- Abbreviation: ChDRP
- Chairman: Lech Wałęsa
- Founders: Lech Wałęsa
- Founded: 1997, 2004
- Dissolved: 2003, 2023
- Headquarters: Warsaw
- Ideology: Christian democracy;
- Political position: Centre^{[citation needed]}

= Christian Democracy of the Third Polish Republic =

Polish political party

The Christian Democracy of the Third Polish Republic (Polish: Chrześcijańska Demokracja III Rzeczypospolitej Polskiej, ChD III RP or ChDRP) was a Polish political party created in 1997 by former Solidarity leader and Polish president Lech Wałęsa. He stood as the party's candidate in the 2000 presidential election but received only 1% of the vote. It never gained substantial support.

==History==
The former president announced the establishment of the new formation in the autumn of 1997, before the parliamentary election, in which he supported the Solidarity Electoral Action. In theory, it was to become the first Polish mass Christian Democrats, the lack of which – and in a country as Catholic as Poland – was pointed out by politicians. Lech Wałęsa's new party, built at the institute bearing his name, did not gain any significance on the political scene.

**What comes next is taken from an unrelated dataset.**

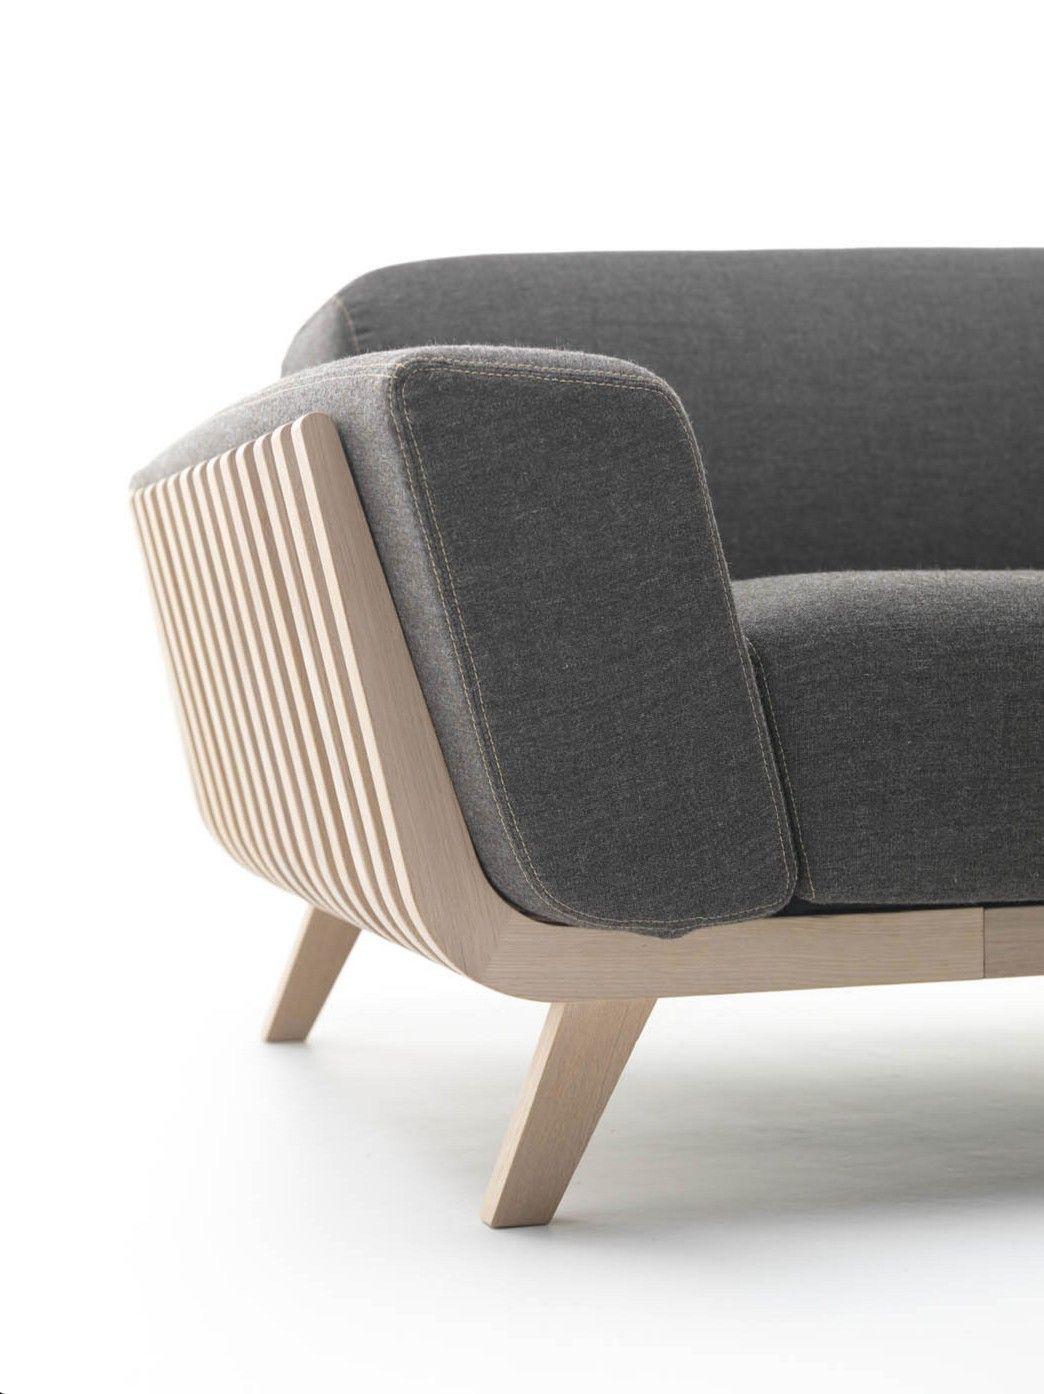 bdd img » canape bois design | mobilier | pinterest | mobilier

The ChDRP was registered by the court on 2 December 1997, and its first congress, at which the party's national leadership was elected, took place in September 1998. Initially, a group of about 10 AWS parliamentarians joined the party, including Stanisław Iwanicki (the party's deputy chairman), Jerzy Gwiżdż, Marek Kolasiński, Jan Oraniec, Konstanty Miodowicz, Władysław Skrzypek, Bernard Szweda and others (mainly associated with the Solidarity in the Elections movement). Gradually, most of them left the party for other groups (RS AWS, SKL, transformed into the SwW party). The Christian Democrats' authorities also included Marek Gumowski (board chairman), Marek Karpiński (spokesperson) and Elżbieta Hibner. The party ran in the local elections in 1998.

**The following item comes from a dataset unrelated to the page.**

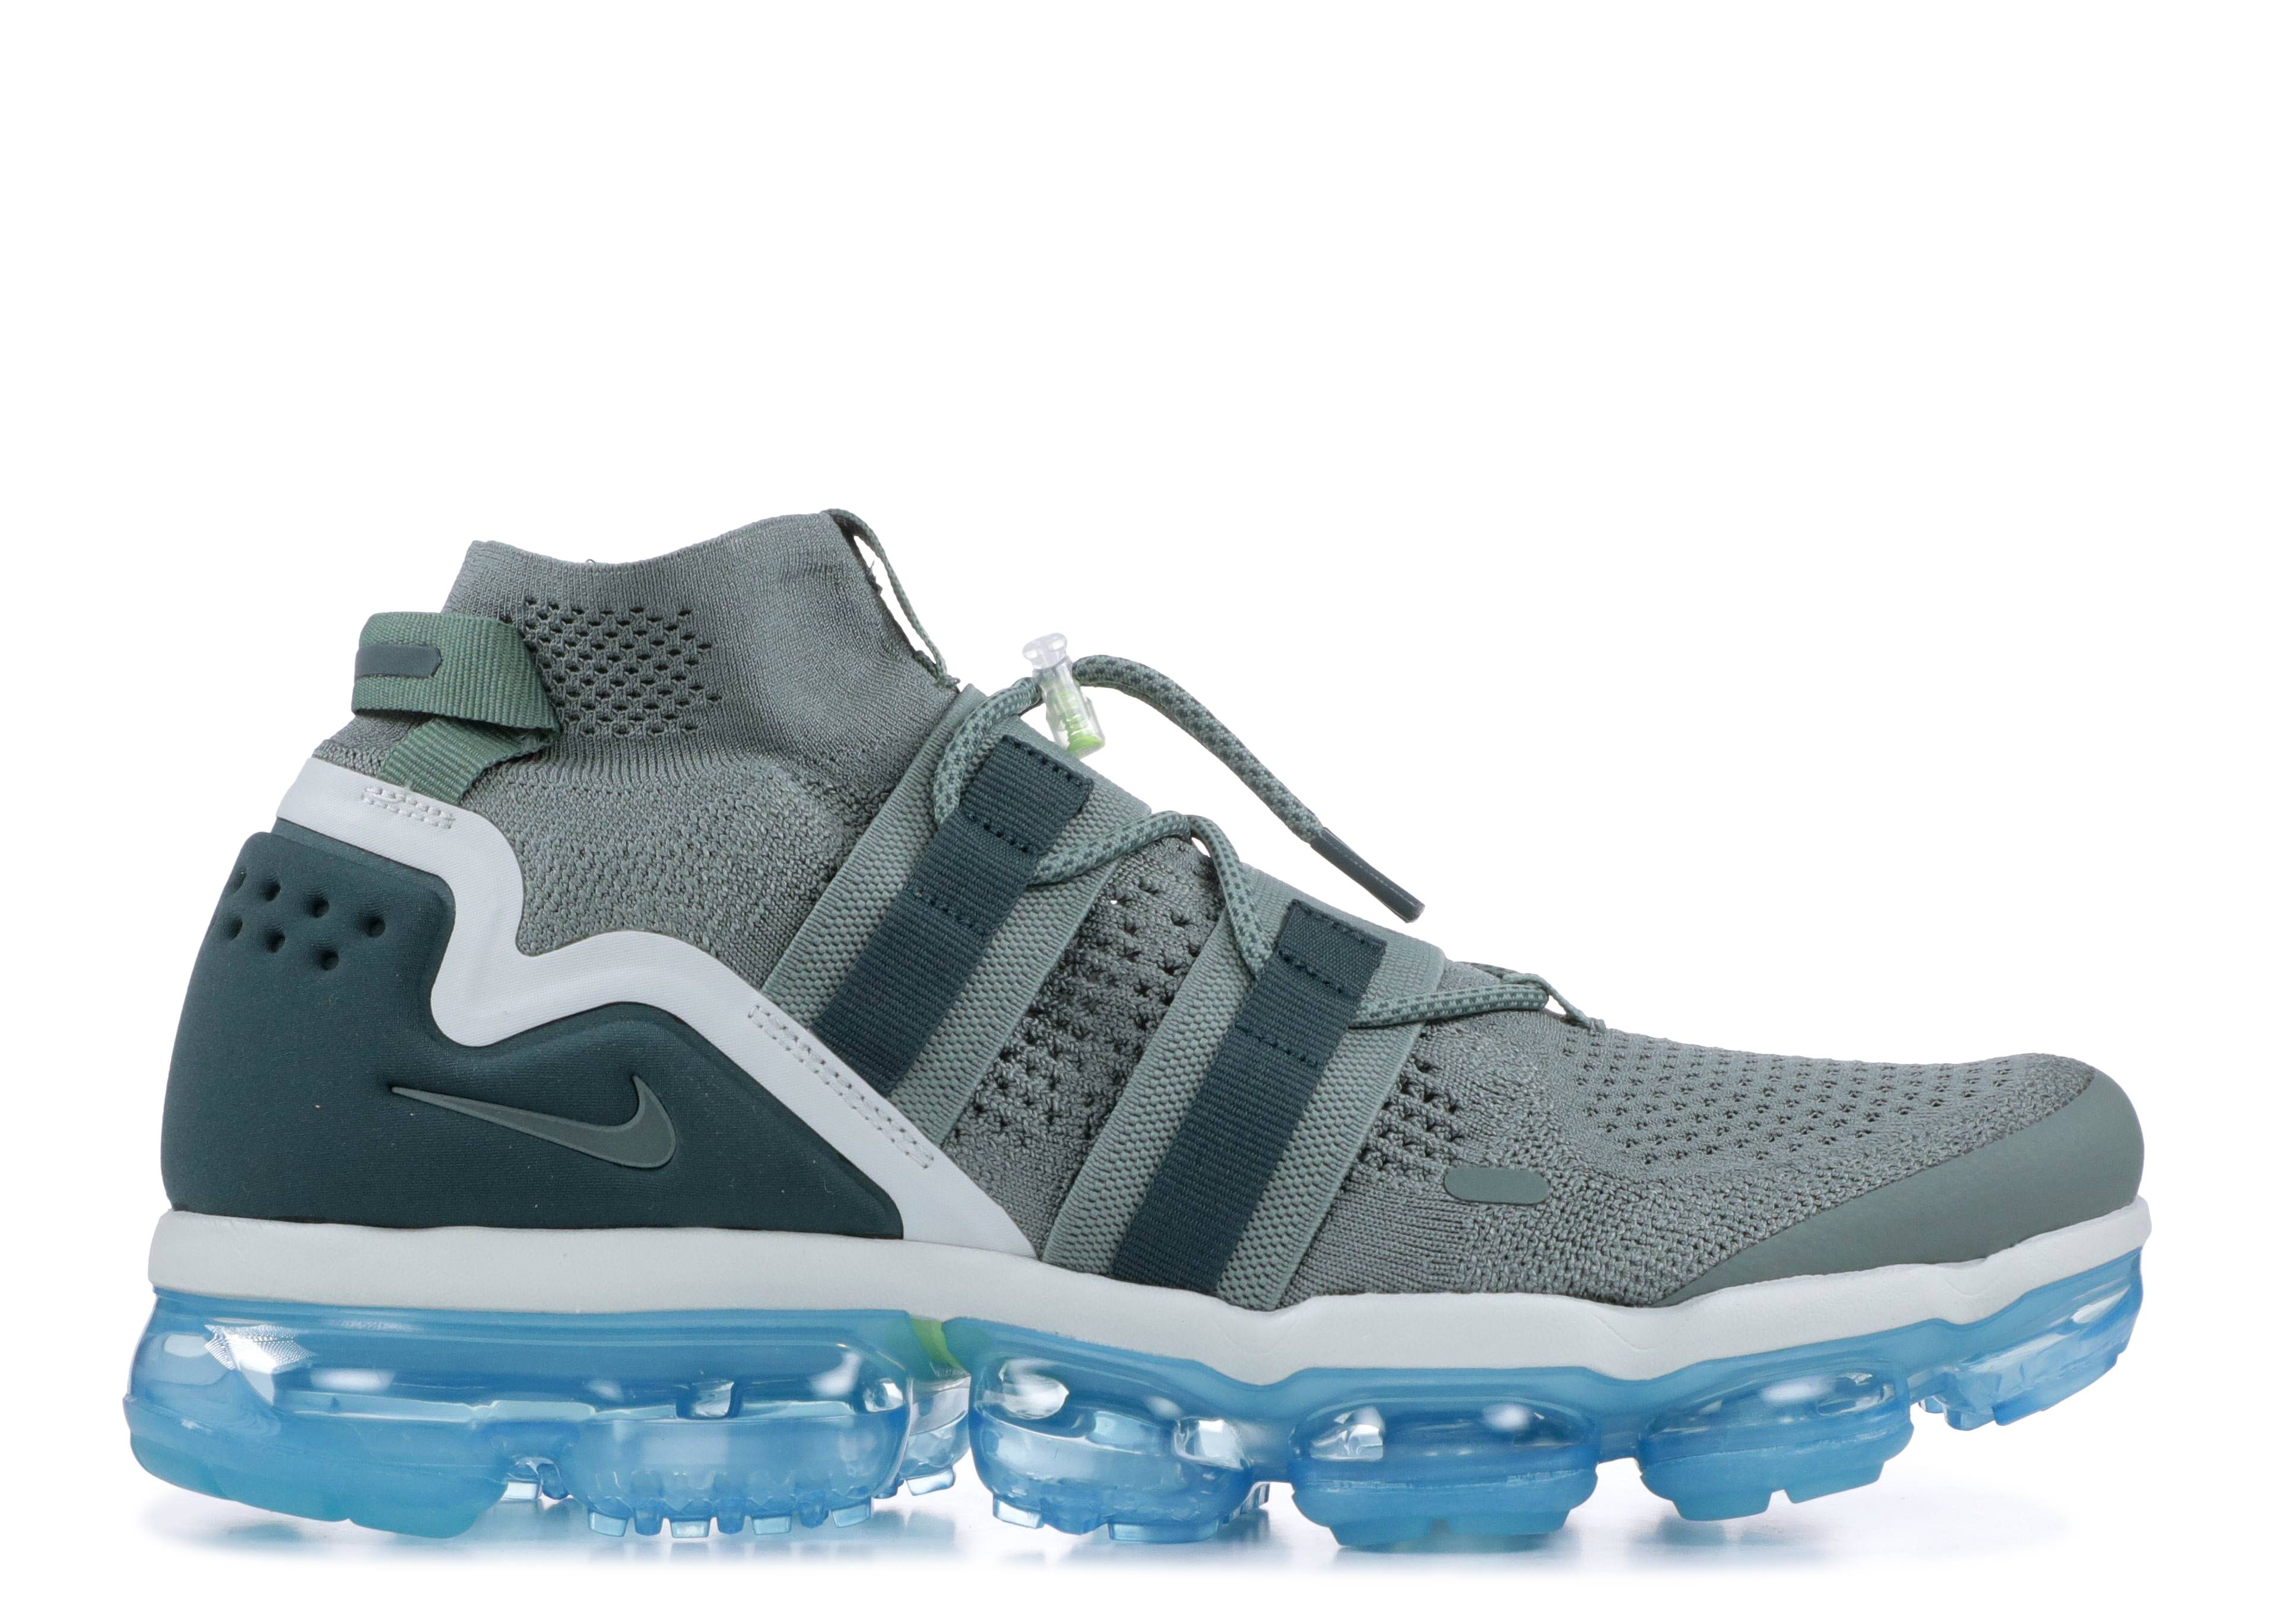 Nike Air Vapormax Fk utility

In October 2000, Lech Wałęsa ran in the presidential election, receiving 1.01% of the votes (7th place out of 12 candidates), after which he resigned from the position of the party's chairman, receiving the title of honorary chairman.

In 2001, ChDRP signed an agreement with the Janusz Tomaszewski Civic Forum to run jointly in the parliamentary election of the same year under the name Civic Forum Christian Democracy. This committee did not register electoral lists for the Sejm, and only put forward a few candidates for the Senate, none of whom received a mandate. ChDRP returned to activity under its own banner, ceasing any major activity. In the elections, several party members ran for the Sejm on the Civic Platform lists, and a few were also on the AWSP and ARS lists. None of them received a mandate.

Christian Democracy of the Third Polish Republic was removed from the register of political parties (where it was entered under number 3) in the spring of 2003 due to the lack of financial reports for previous years. On 12 May 2004 it was re-registered (under number 176; at the request of Lech Wałęsa, Gniewomir Rokosz-Kuczyński and Piotr Dwornicki). In the elections to the European Parliament the following month, ChDRP activists Gniewomir Rokosz-Kuczyński, Wojciech Żebrowski and Piotr Dwornicki ran from the lists of the National Electoral Committee of Voters (led by Maciej Płażyński), which did not receive any seats. The party's activity then ceased.

In later years, some of the ChDRP circles became closer to the Right of the Republic. Gniewomir Rokosz-Kuczyński, who remained one of the group's leaders, was also the district representative of Marek Jurek's party in Kraków. In the 2011 parliamentary elections, Bogumiła Zwolińska from ChDRP ran for the Sejm from the Right's list near Kraków.

The party became active in 2015. It registered a committee for the 2015 Polish parliamentary election, but ultimately did not run. However, it supported three candidates for the Senate (Jarosław Lasecki from PO and Anna Maria Anders and Konstanty Radziwiłł, who ran for PiS). On 10 November 2015, Lech Wałęsa announced the reactivation of ChDRP at a conference in the office of the European Solidarity Centre. He appointed Piotr Dwornicki and Adam Zalewski (who were also appointed vice-chairmen) and Adam Domiński (who was also appointed spokesman) as plenipotentiaries for the reactivation of the party. However, the party did not resume wider activity. In 2022, the party submitted a financial report to the National Electoral Commission after the required deadline set out in the Act on Political Parties. In 2023, ChDRP was deregistered from the register of political parties again.